The Dead School
- Author: Patrick McCabe
- Cover artist: Neil Gower
- Language: English
- Genre: Gothic novel, School fiction
- Set in: Ireland and London, 1913–early 1980s
- Publisher: Picador
- Publication date: 1995
- Publication place: Republic of Ireland
- Media type: Print: hardback
- ISBN: 0330339451
- Dewey Decimal: 823.914
- LC Class: PR6063 .C32

= The Dead School =

1995 novel by Patrick McCabe

The Dead School is a 1995 novel by Irish writer Patrick McCabe.

==Synopsis==
Set in small-town Ireland, 'The Dead School' tells the intriguing story about two interacting characters: Raphael Bell, an old schoolmaster, and Malachy Dudgeon, a young teacher.

Like other novels by Patrick McCabe, both of the two main characters had troubled childhoods. The intertwining of the two results in the destruction of Raphael and the dramatic change of Malachy.

Malachy Dudgeon comes from a small suburban Irish town, from a dysfunctional family, existing under the guise of happiness, using the facade of happy Sunday mornings, whilst the adulteress mother and suicidal father continue to make devastating blows to their son, from which he never truly recovers, and chooses to escape into his world of imaginations, dreams and Americanisms.

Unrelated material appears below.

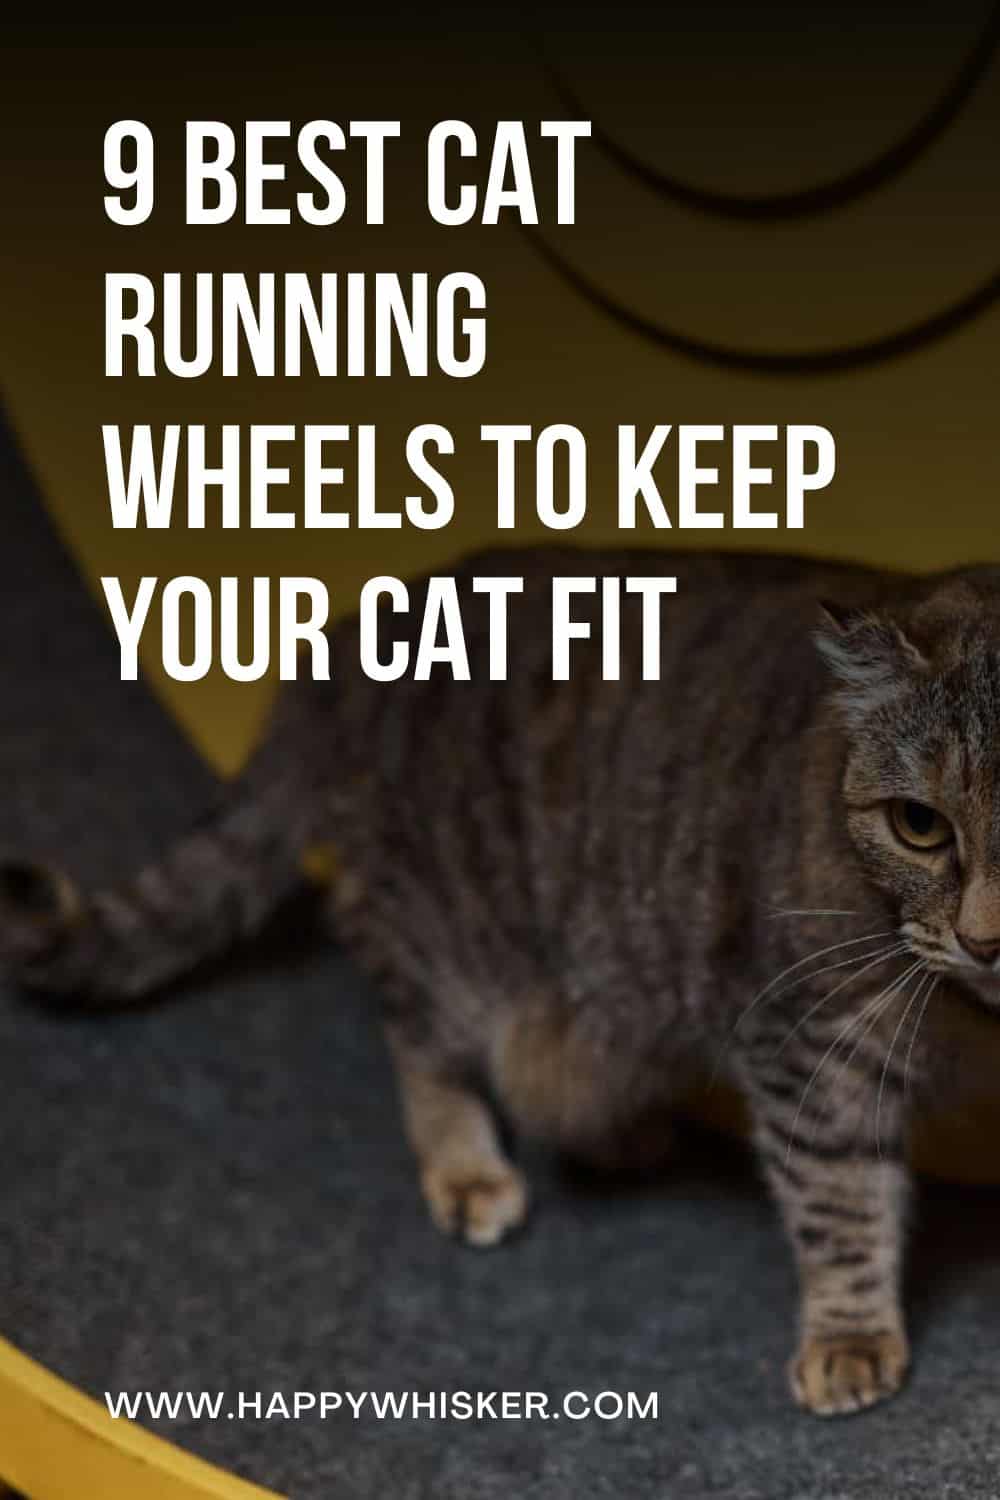 9 Best Cat Running Wheels To Keep Your Cat Fit Pinterest

On the other hand, Raphael Bell comes from a small rural Irish town, and is the apparent picture of perfection. Raphael constantly seeks attention, from singing: "Wee Hughie" at any available moment to succeeding at school. However Raphael's world is gravely affected when Black and Tan soldiers shoot his father in the chest before his eyes. From this moment on Raphael strives to uphold the virtues and traditions of old Ireland, and it is inevitably this inability to transgress and adjust into modern living that leads, unsurprisingly to his suicide.

The two protagonists become inextricably linked when Malachy joins the teaching staff at Raphael's prestigious boys boarding school, which he sees as his whole life's worth. An unfortunate science trip leads to the drowning of school boy, Pat Hourican and the unravelling of both Malachy and Raphael. Malachy loses his job, and then his girlfriend, Marion, to a wild member of a rock-band, and Raphael loses his job and mind, and then subsequently his wife, Nessa dies.

Whilst Malachy becomes a waster and alcoholic and moves to London, Raphael opens what he calls 'The Dead School'. With black bin bags at the windows and an uncontrollable amount of mess and disorder. He begins to teach imaginary classes about his own life, as madness becomes inherent in his everyday life.

As the novel concludes, Raphael's suicide occurs, as does his unattended funeral. Malachy returns to his hometown to care for his incapacitated mother, whom he once loathed, and there is a general air of depression, as the golden age of Ireland which Raphael had once loved is exchanged for stripjoints and graffiti. A downright thing.

Throughout the novel the narrator becomes more of a character in his own right, making allusions to his opinions, which constantly change, as the omniscient voice chooses to blame a variety of people for the disastrous events. The colloquial narrative is also crucial in building the narrators persona, and also adds to the idea of base culture, something around which the novel is centered. Many critics have hailed McCabe's novel as a member, or rather cornerstone of the subgenre "Bog Gothic". This refers to the specialist Irish Gothic, which has been penned for McCabe's novels.